Data shown:
____

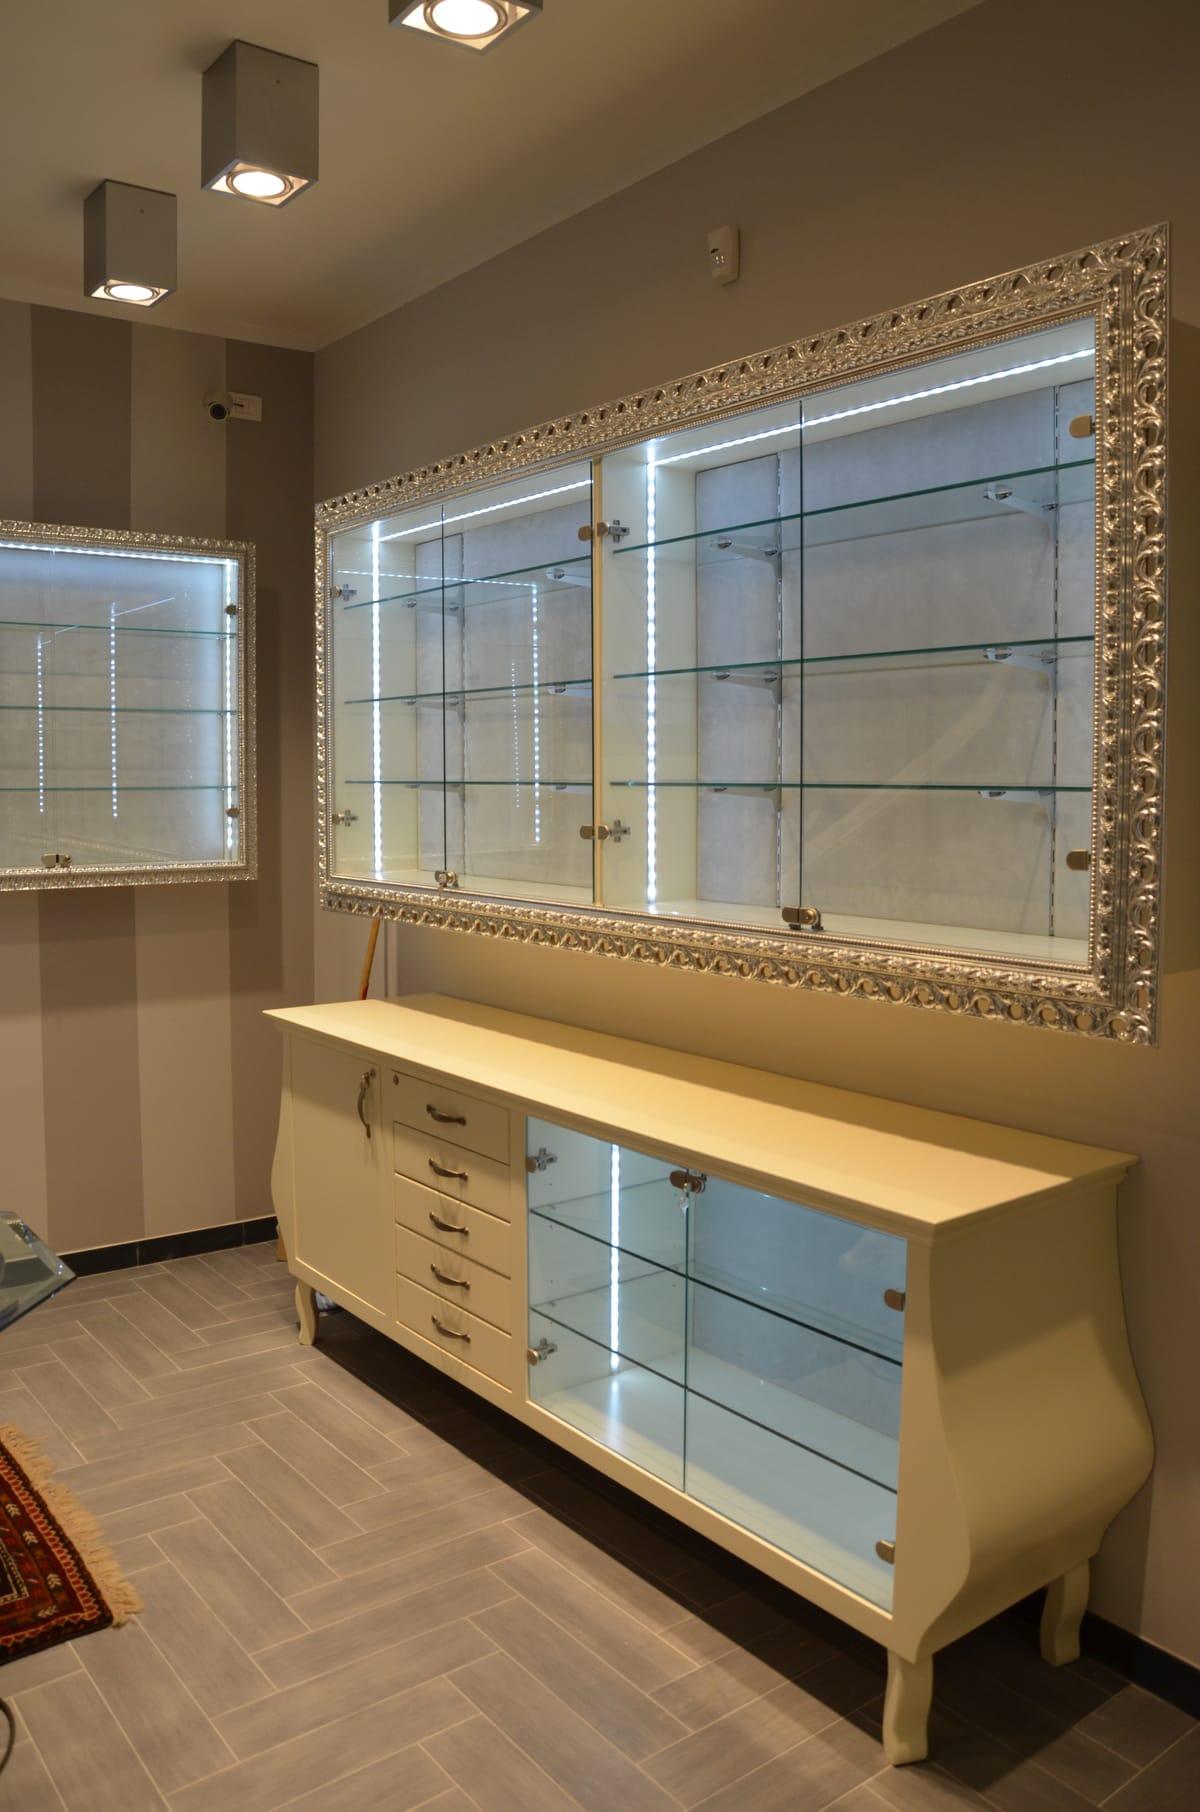 Surgea arredamento negozi interior design genova for Negozi design
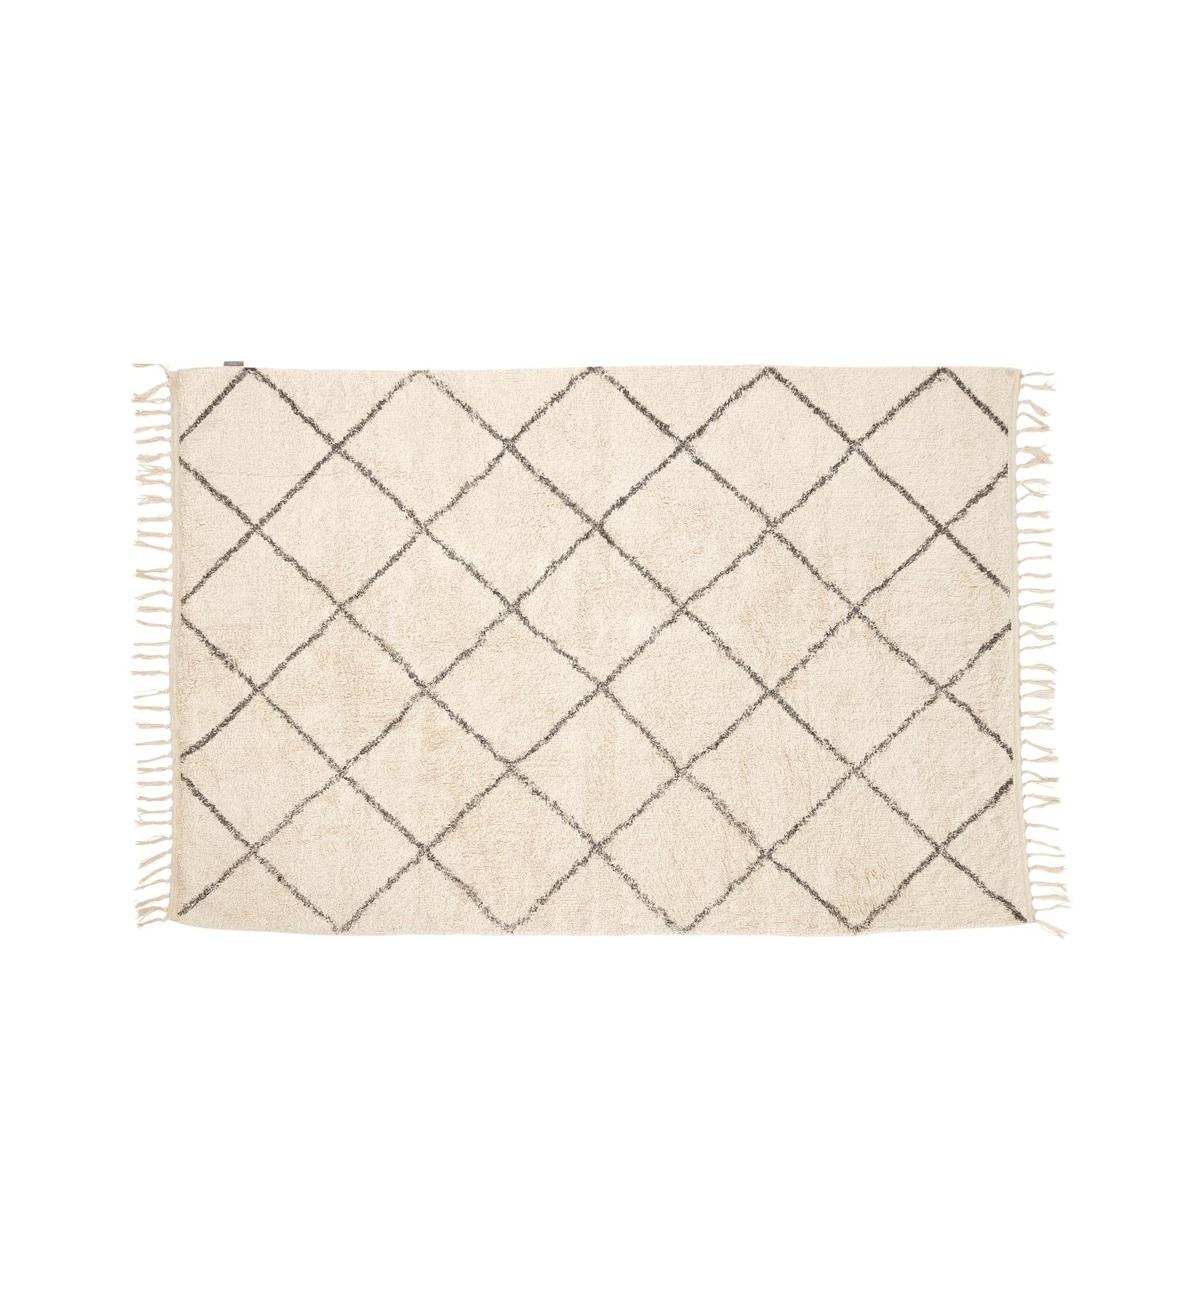 Matta rombmönstrad 120 x 180 vit och grå, Hubsch
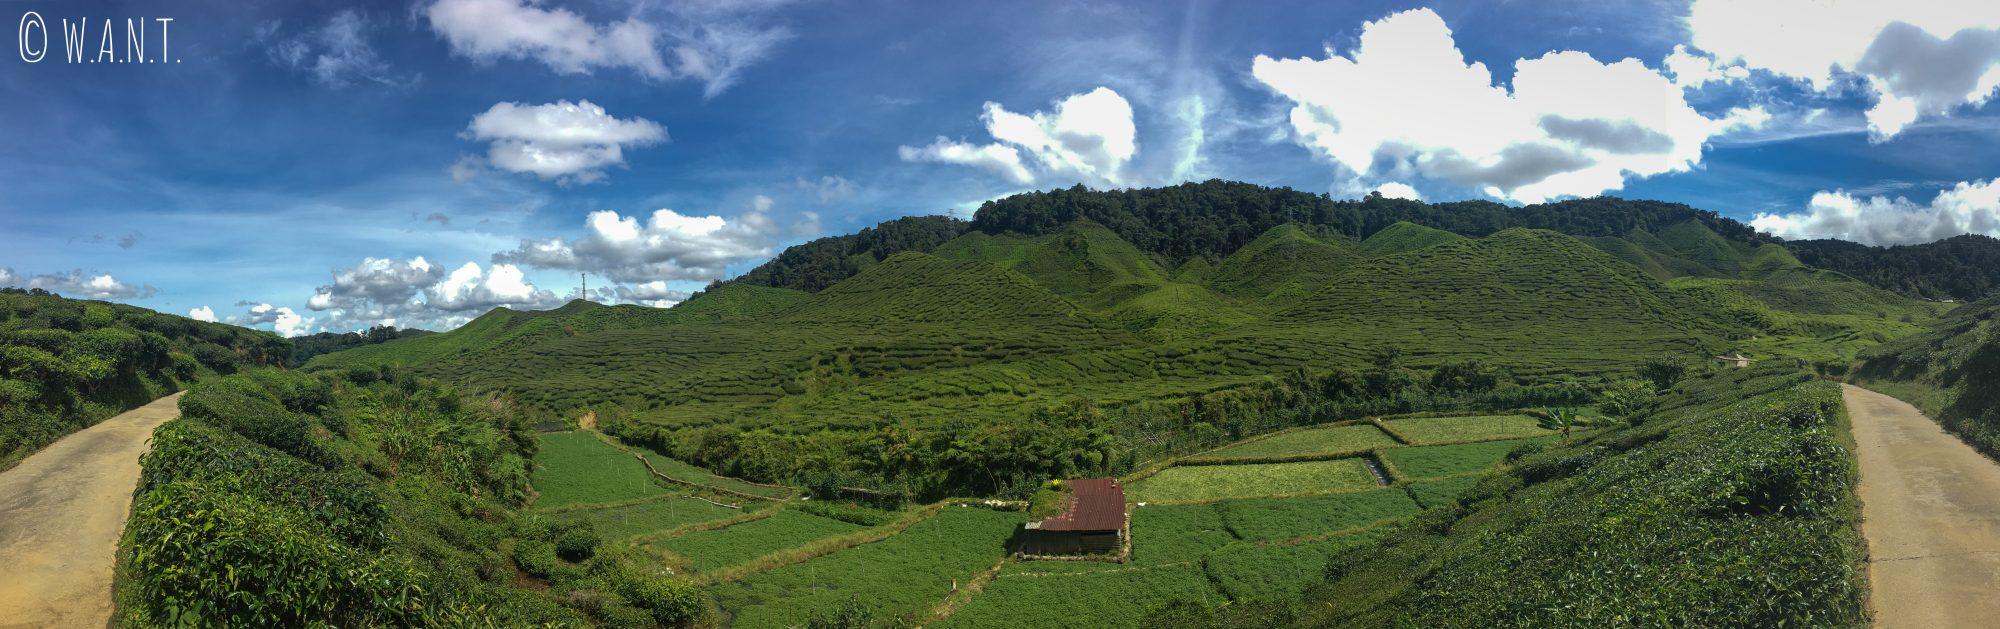 Panorama sur la plantation Barath Tea de Tanah Rata
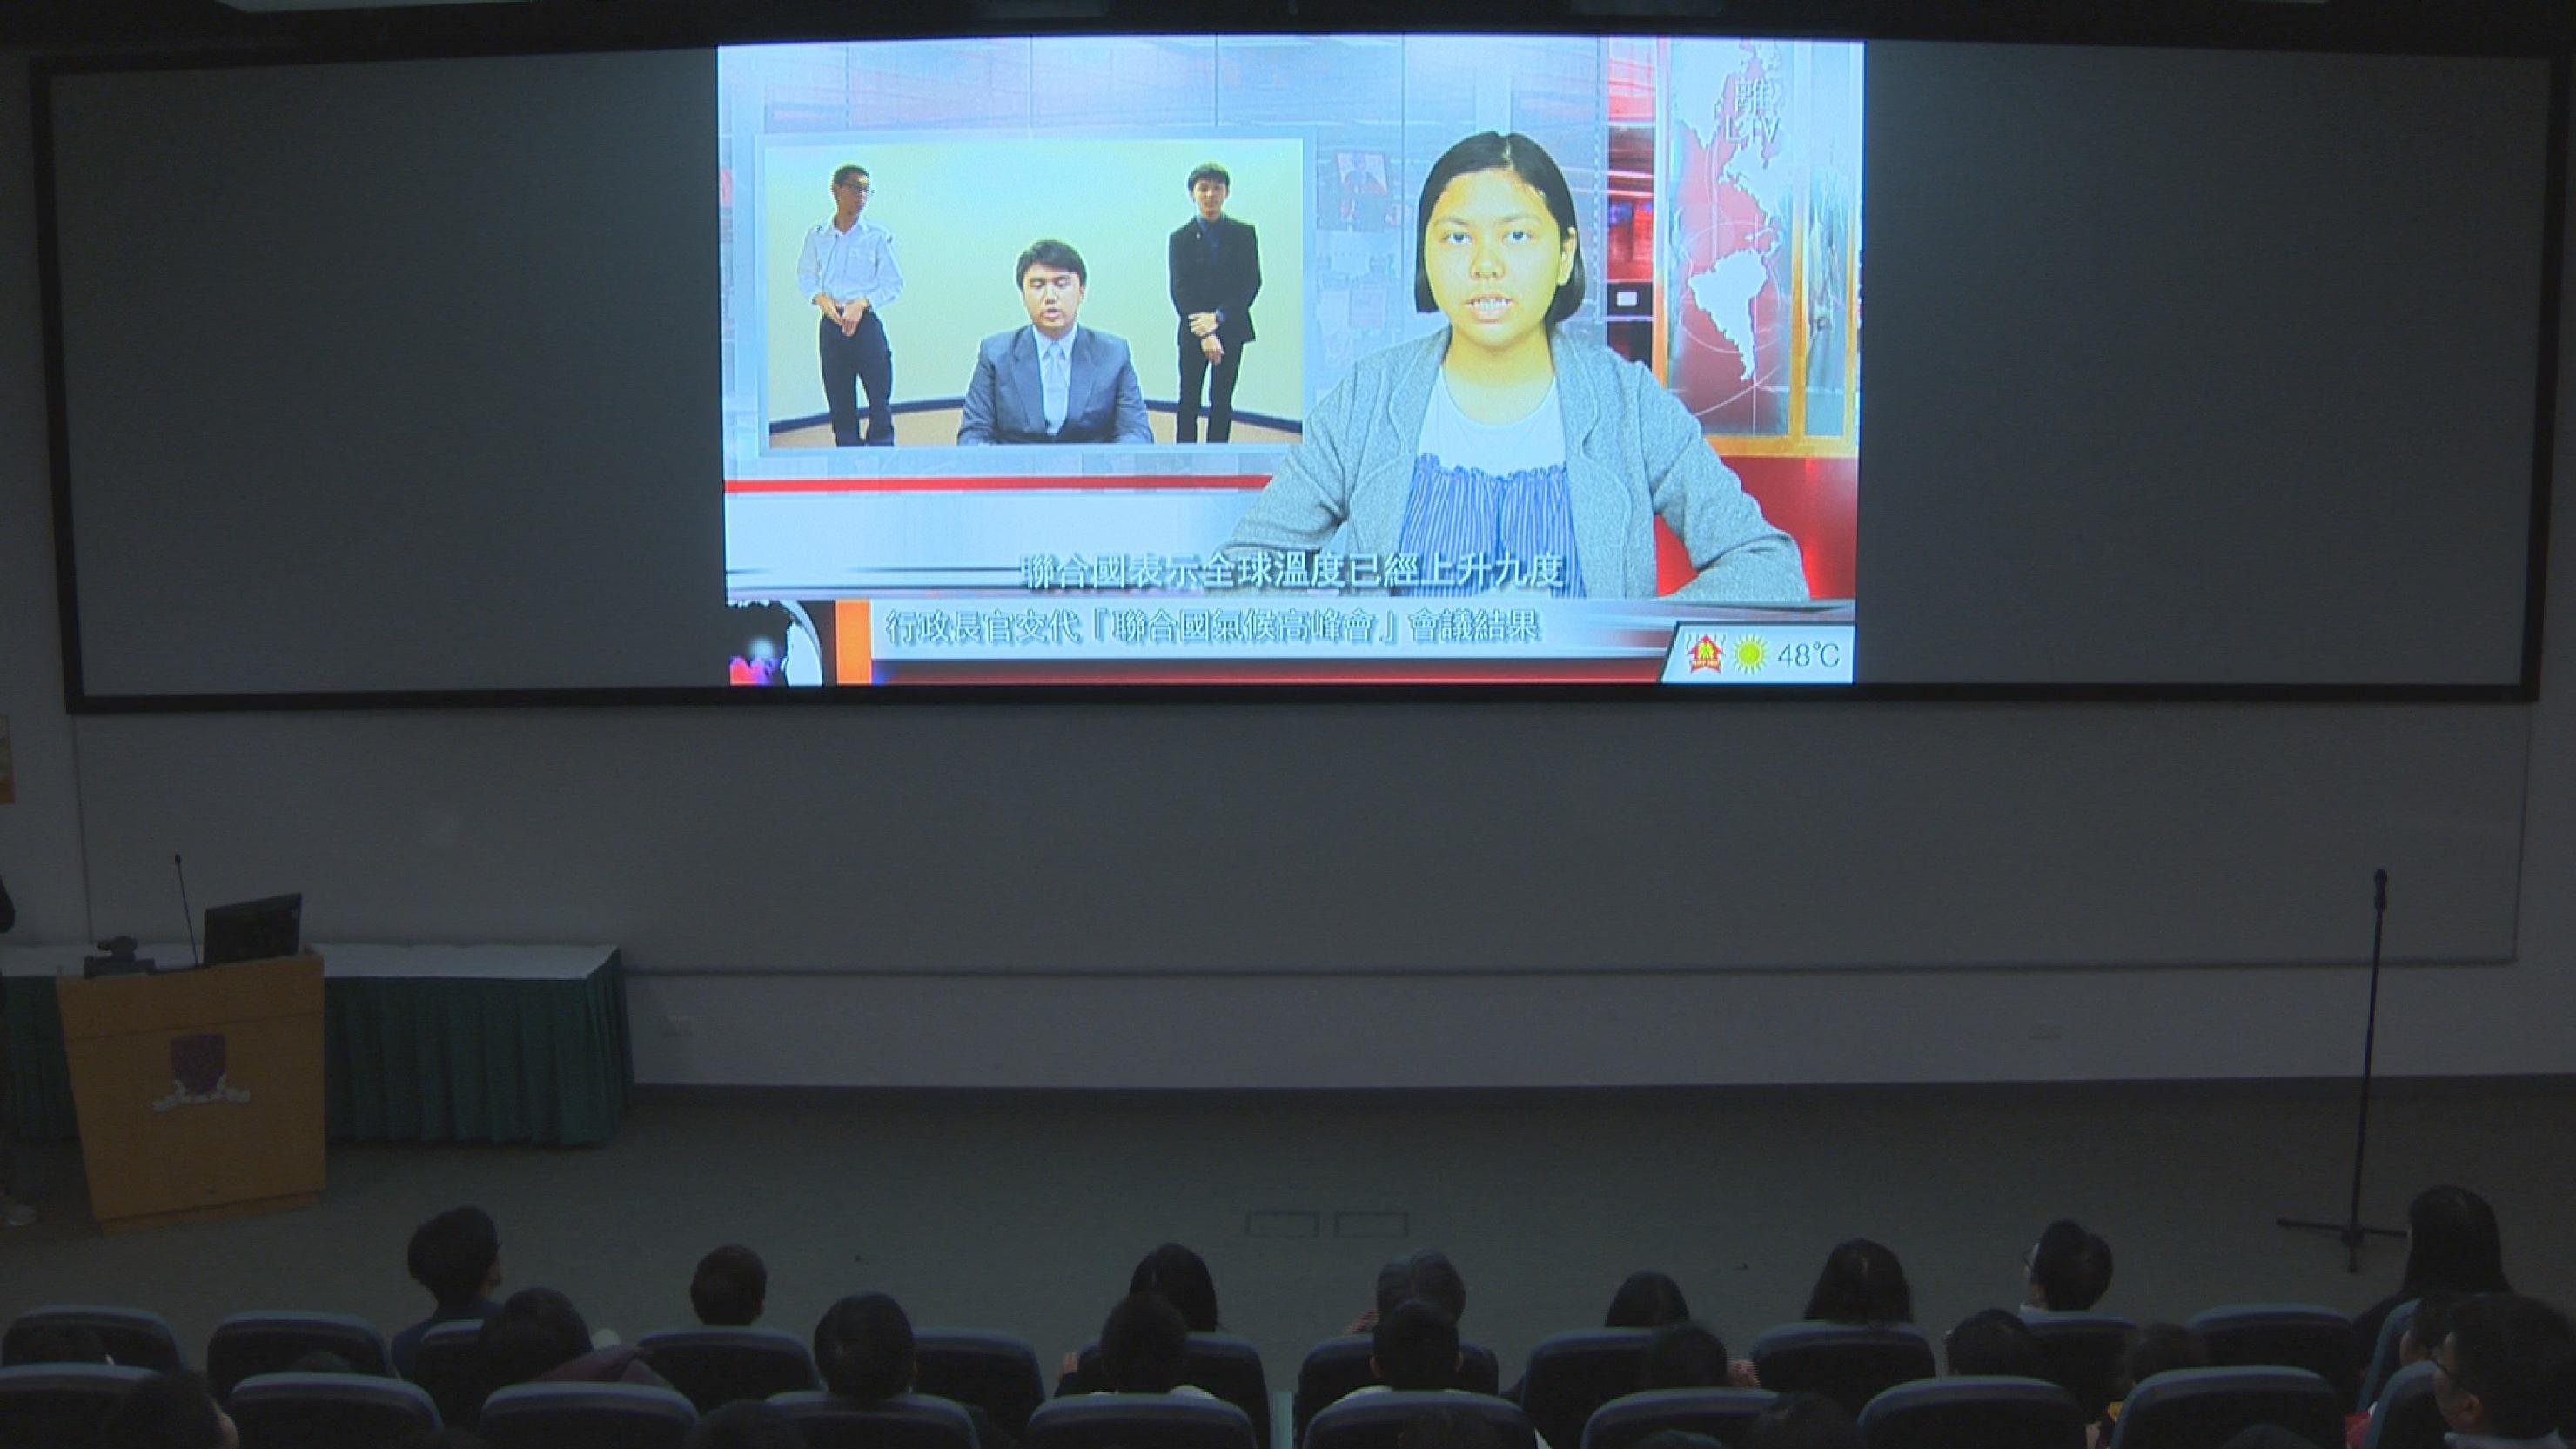 觀眾欣賞中學生組冠軍作品。

____

The problem:
Reproduce word for word the lines from the one containing "Panorama sur la" through the end of the data, both ends kept. Drop the pictures.

Output of the task:
 Panorama sur la plantation Barath Tea de Tanah Rata
 觀眾欣賞中學生組冠軍作品。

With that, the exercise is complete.